Here, you can see that if you import the module, the value of __name__ is not equal to "__main__".

Possible __name__ usage#

Sometimes, we need a Python file that contains reusable functionality, but we also want to include certain instructions that should only be executed when we run the file directly from the console. In this scenario, we can use the __name__ variable’s behavior to achieve this dual functionality.

Let’s take the example of a Python module named “math_module.py.” This module contains various functions and constants:

def gcd(a, b):
    if b == 0:
        return a
    return gcd(b, a % b)

def absolute_value(a):
    return a if a >= 0 else -a

def factorial(a):
    if a == 0:
        return 1
    return a * factorial(a - 1)

e = 2.718281828459045090795598298427648842334747314453125
pi = 3.141592653589793115997963468544185161590576171875

a = 10
b = 5
print(gcd(a, b))

No matter whether we import or run this module from the console, it will always display the output as follows:

5

However, if we want to run only specific parts of the program when it’s executed from the console, we can use the following syntax:

def gcd(a, b):
    if b == 0:
        return a
    return gcd(b, a % b)

def absolute_value(a):
    return a if a >= 0 else -a

def factorial(a):
    if a is 0:
        return 1
    return a * factorial(a - 1)

e = 2.718281828459045090795598298427648842334747314453125
pi = 3.141592653589793115997963468544185161590576171875

if __name__ == "__main__":
    a = 10
    b = 5
    print(gcd(a, b))

Now, when we import the module, we won’t see any output. However, if we run the module directly from the console, it will execute the specified code:

5

This technique allows us to create modules that can be used both for their functions and, when necessary, for standalone execution, providing flexibility and reusability in our code.

Building our own package#

In this section, we will cover the basics of creating our own packages in Python. We will be using Poetry for package management. You can find instructions on how to install Poetry on your PC here.
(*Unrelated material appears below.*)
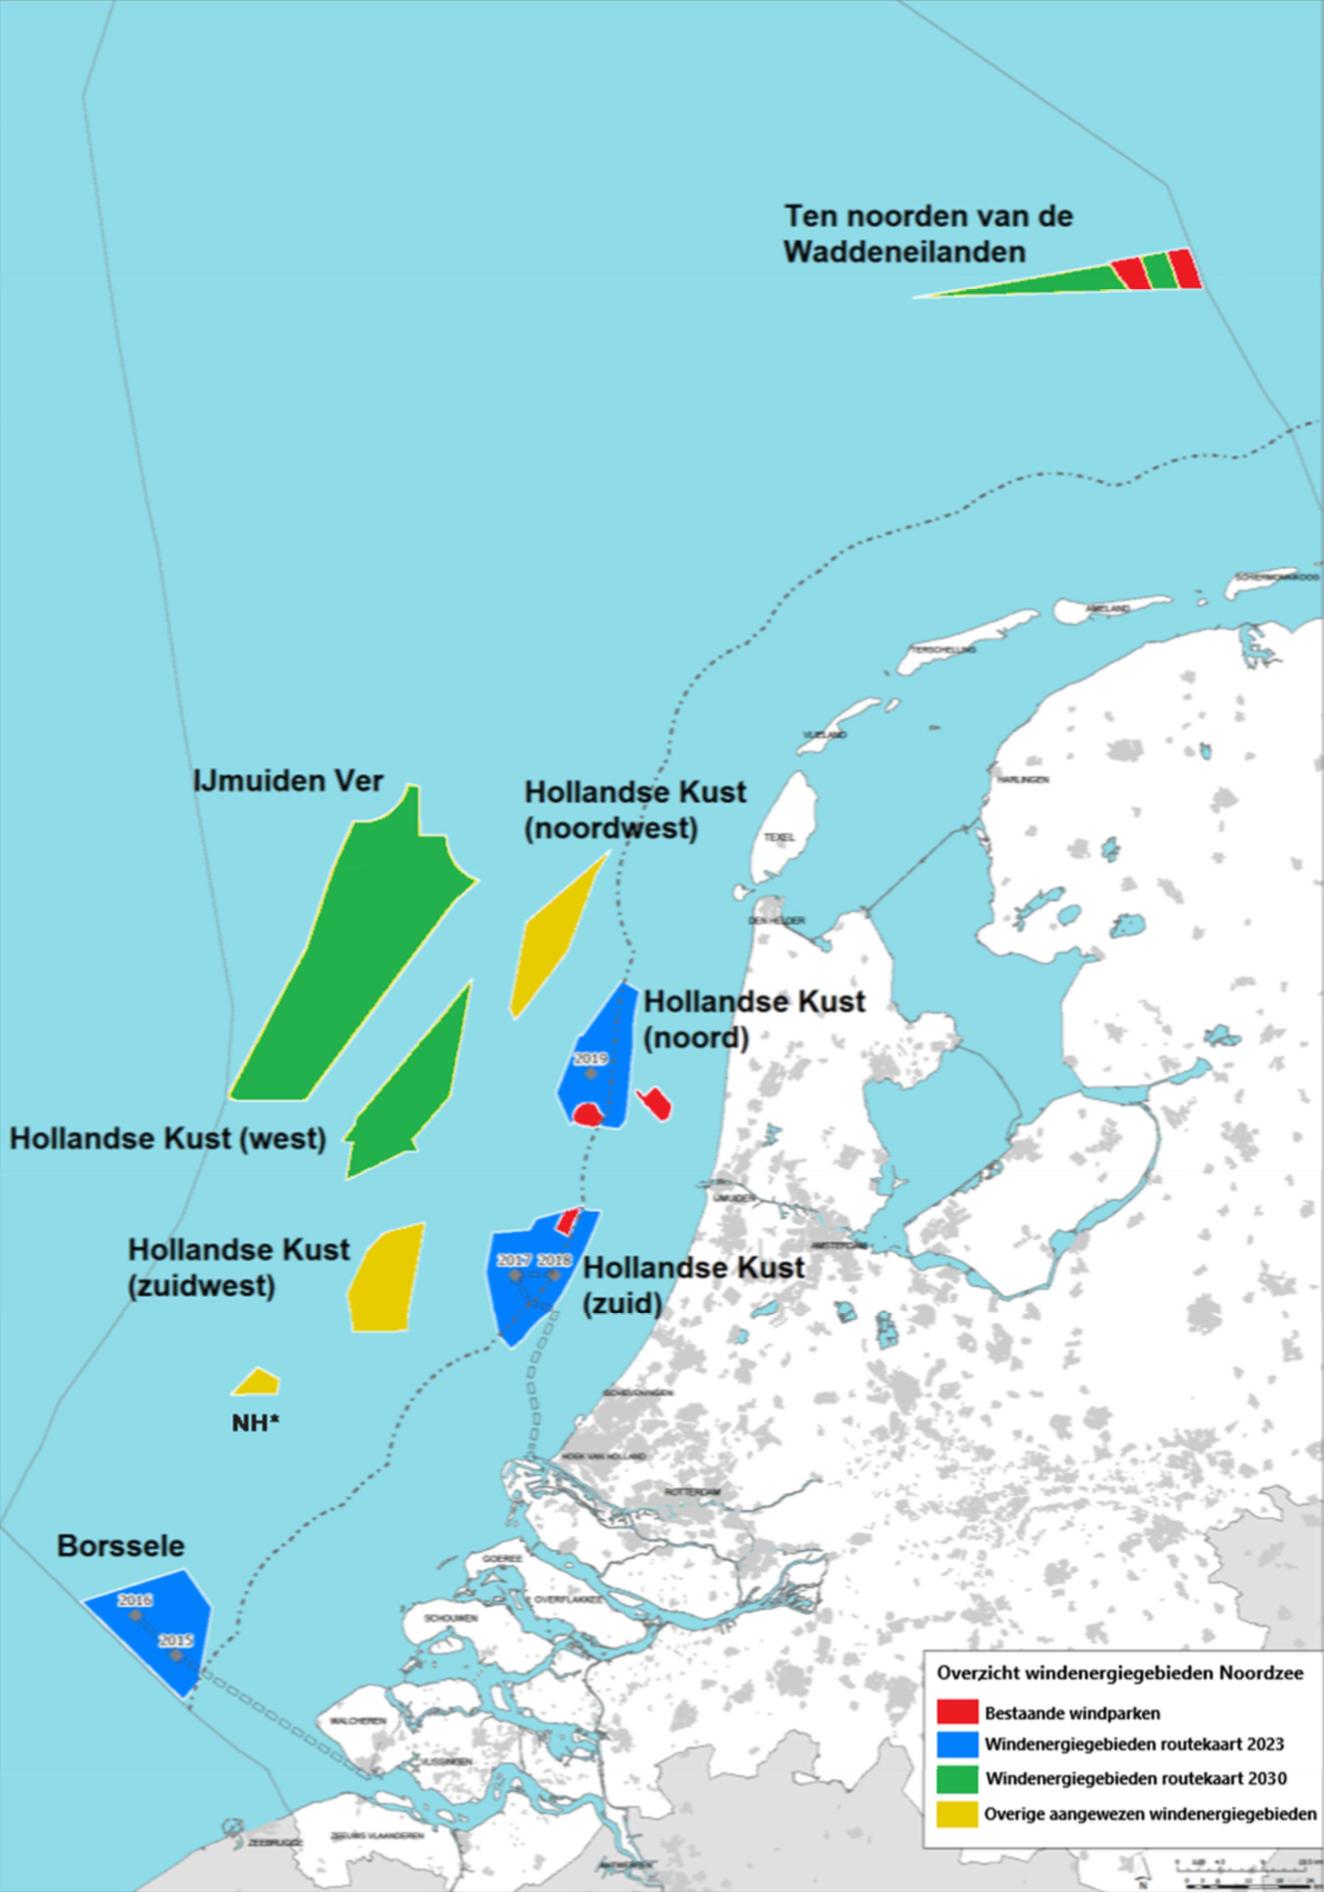 Onderweg naar IJmuiden ver: 'Routekaart windenergie op zee 2030'

Let’s create our own package. I will call it package-demo:

poetry new package_demo

After that we have the following folder structure:

 tree package_demo/
package_demo/
├── README.md
├── package_demo
│   └── __init__.py
├── pyproject.toml
└── tests
    └── __init__.py

2 directories, 4 files

Now let’s add our math_module module into package. We need simply to create file math_module.py in package_demo folder. The structure of our package after that is following:

 tree package_demo/
package_demo/
├── README.md
├── package_demo
│   ├── __init__.py
│   └── math_module.py
├── poetry.lock
├── pyproject.toml
└── tests
    └── __init__.py

2 directories, 6 files

Here is the content of our math_module.py file:

def gcd(a, b):
    if b == 0:
        return a
    return gcd(b, a % b)

def absolute_value(a):
    return a if a >= 0 else -a

def factorial(a):
    if a is 0:
        return 1
    return a * factorial(a - 1)

e = 2.718281828459045090795598298427648842334747314453125
pi = 3.141592653589793115997963468544185161590576171875

Great! Now we just need to package it into a tar.gz file, and then we can install it using pip (Python package installer). To accomplish it let’s execute the following command:

poetry build

Now, we can install our package:

pip install dist/package_demo-0.1.0.tar.gz 

That’s it! Simple, isn’t it? However, this example only covers a very simple case. If you want to build a more complex package with different dependencies, please refer to the poetry documentation.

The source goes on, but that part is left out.